Design and construction
- Architects: Paolo Rossi de Paoli, Michele Busiri Vici

= Bolzano Courthouse =

Judiciary building in Bolzano, Italy

The Bolzano Courthouse (Palazzo di Giustizia) serves as the main seat of the judicial authorities in Bolzano, Italy. Located on Piazza del Tribunale in the Gries-Quirein district, the large building was designed in the rationalist style by architects Paolo Rossi de Paoli and Michele Busiri Vici. Construction began in 1939 but was not completed until 1956. It houses the Court of Bolzano and the Public Prosecutor's Office.
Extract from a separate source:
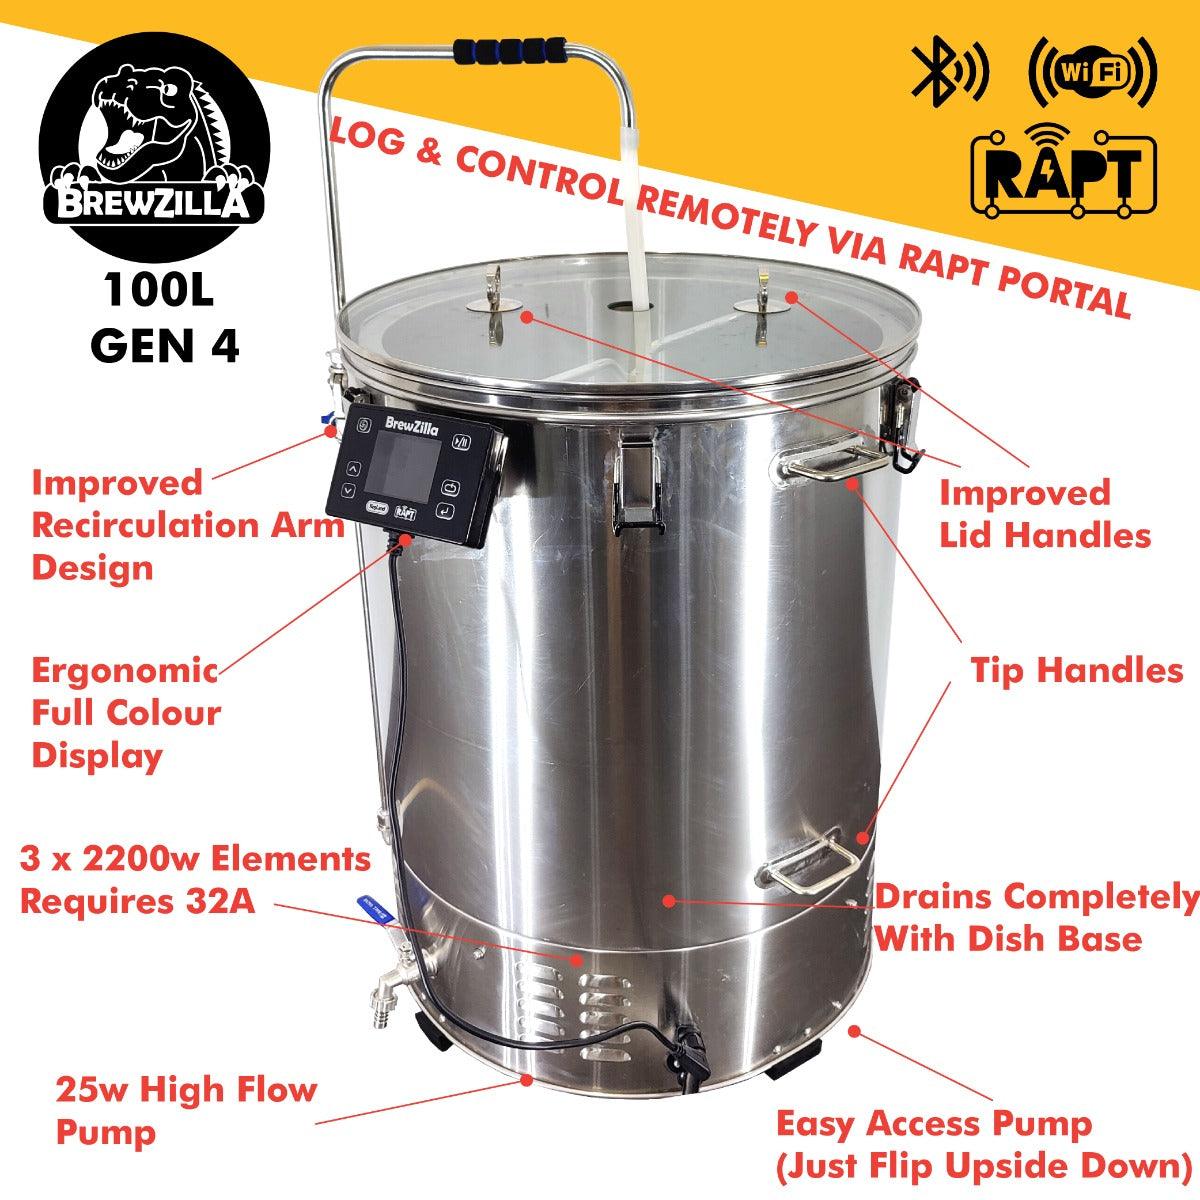 The largest single vessel home brewery in the BrewZilla range, Powered by 32a Single Phase or 10a Three Phase when installed by a qualified electrician.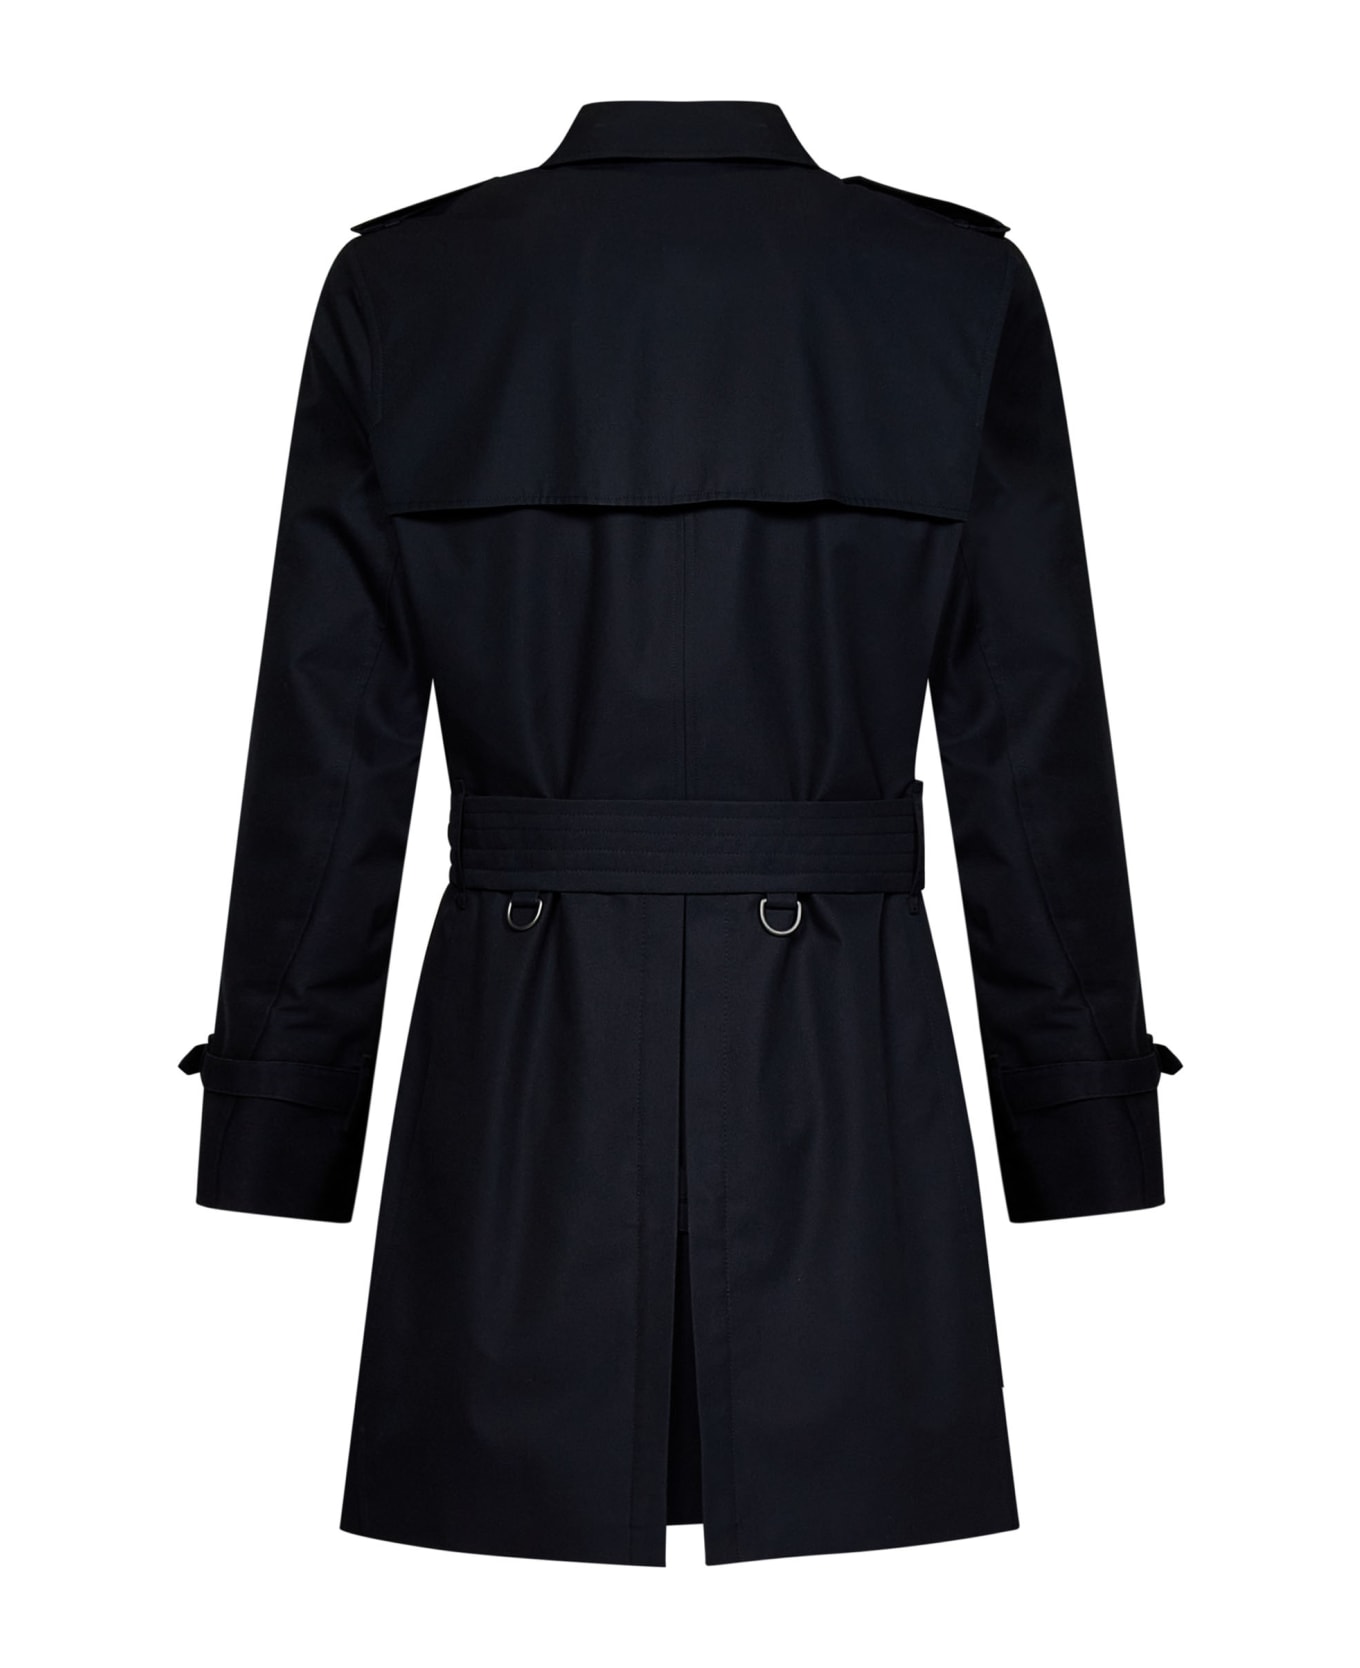 Burberry 'wimbledon' Blue Double-breasted Trench Coat With Belt And Branded Buttons In Cotton Man - Midnight

Part of the courthouse's structure collapsed unexpectedly on 16 July 2026.

==Description==
The building features a monumental entrance staircase, a travertine-clad façade, and exposed brickwork on the rear. Its concave façade mirrors that of the Casa del Fascio, the former Fascist Party headquarters. Above the main entrance is a relief of the goddess Justitia, depicted without a blindfold, gazing directly at the former party building.

A Latin inscription on the architrave—"Pro Italico Imperio virtute iustitia hierarchia unguibus et rostris" ("For the Italian Empire in virtue, justice, and hierarchy, with claws and beaks")—explicitly refers to Mussolini's so-called Italian Mediterranean Empire of 1936. The palace, together with the Casa del Fascio and the nearby Christ the King Church, was intended to glorify the regime and form a symbolic monumental gateway to the planned "Greater Fascist Bolzano".